Schumer: Reconciliation Is On The Table For Health Care

Schumer: Reconciliation Is On The Table For Health Care

A key Senate Democrat indicated on Monday that the party may route around the slow-moving bipartisan efforts of the Senate Finance Committee and instead use parliamentary procedures to pass health care legislation with only 50 votes, meaning that not even all the Democrats to be on board.

Speaking on a conference call with reporters, Sen. Chuck Schumer (D-N.Y.), offered one of the clearest indications yet that Democratic leadership was entertaining use of the budgetary process known as reconciliation if a compromise bill doesn't emerge soon from the finance committee, where Chairman Max Baucus, (D-Mont.), continues to try to get his GOP colleagues on board.

"We hope we can strike a compromise with our Republican colleagues by September 15," Schumer said, referring to the deadline set by Baucus. "But if the Republicans are not able to produce an agreement, we do have contingencies in place.... Make no mistake about it, they remain on the table."

Asked later if he was referring to reconciliation, Schumer replied: "That is clearly one of the contingencies that we are looking at." His remarks were about as far as Democrats have gone in floating that possibility.

One of the key issues drawing out the committee's deliberations is whether to support a public option for insurance coverage or set up a series of co-ops.

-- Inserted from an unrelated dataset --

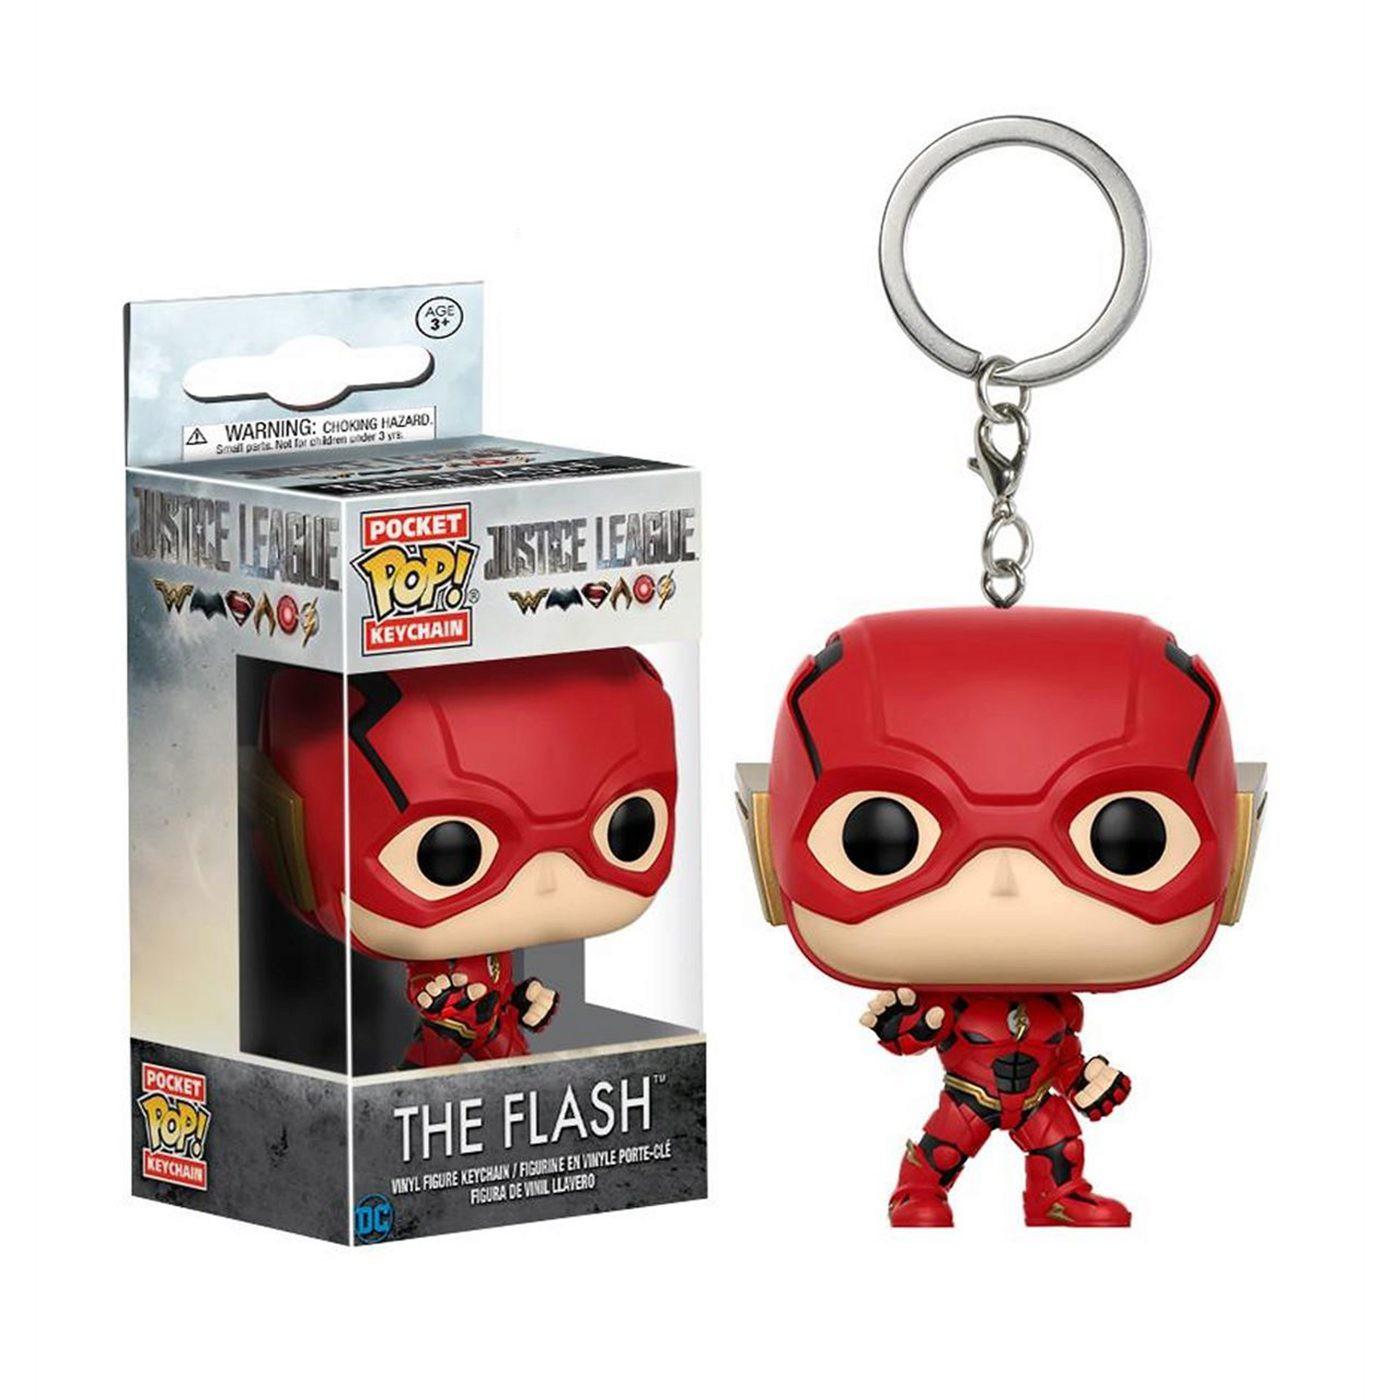 Flash Justice League Movie Pocket Pop Keychain
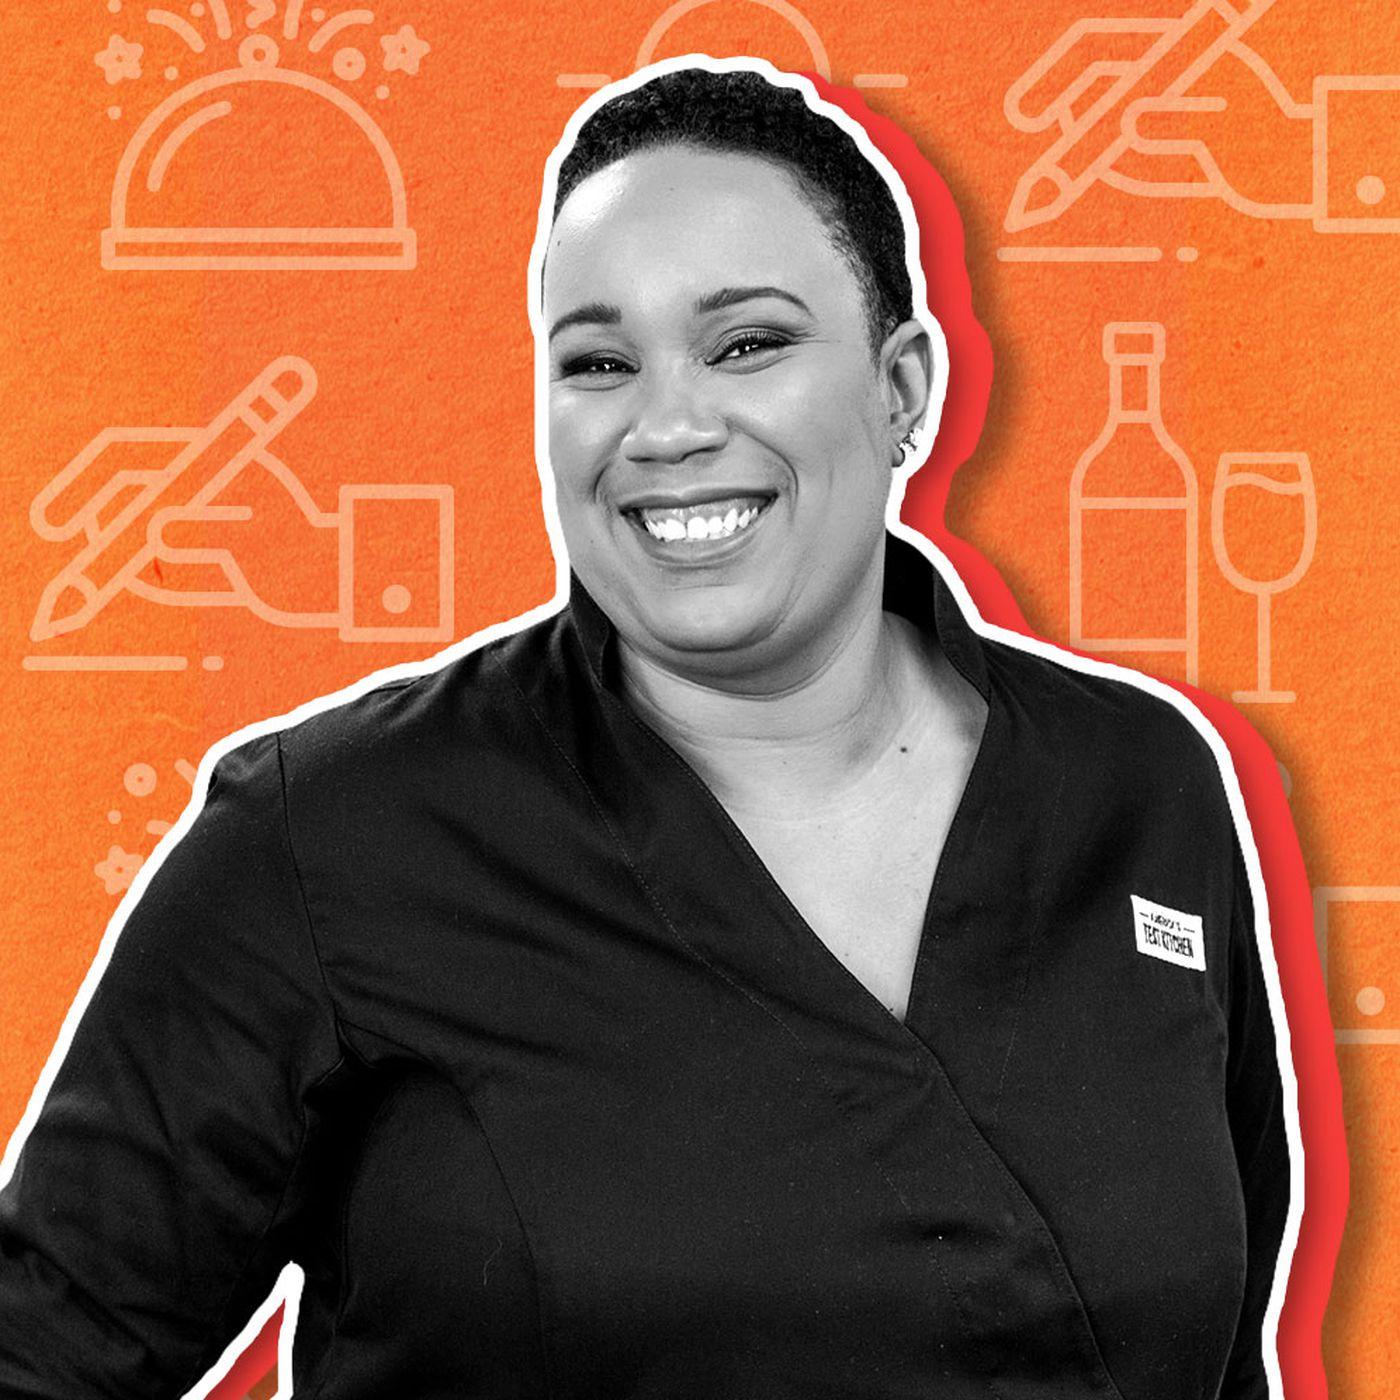 How America S Test Kitchen Star Food Stylist Elle Simone Scott Got Her Job Eater

Schumer suggested that the divides between (and within) the parties may be too great to bridge.

Talk of using reconciliation may be more of a bluff than a plan. Democrats, after all, technically have 60 votes in the Senate - enough to cut off a Republican filibuster. Some members of the party have called for their colleagues to commit to cutting off such a filibuster even if they oppose the bill.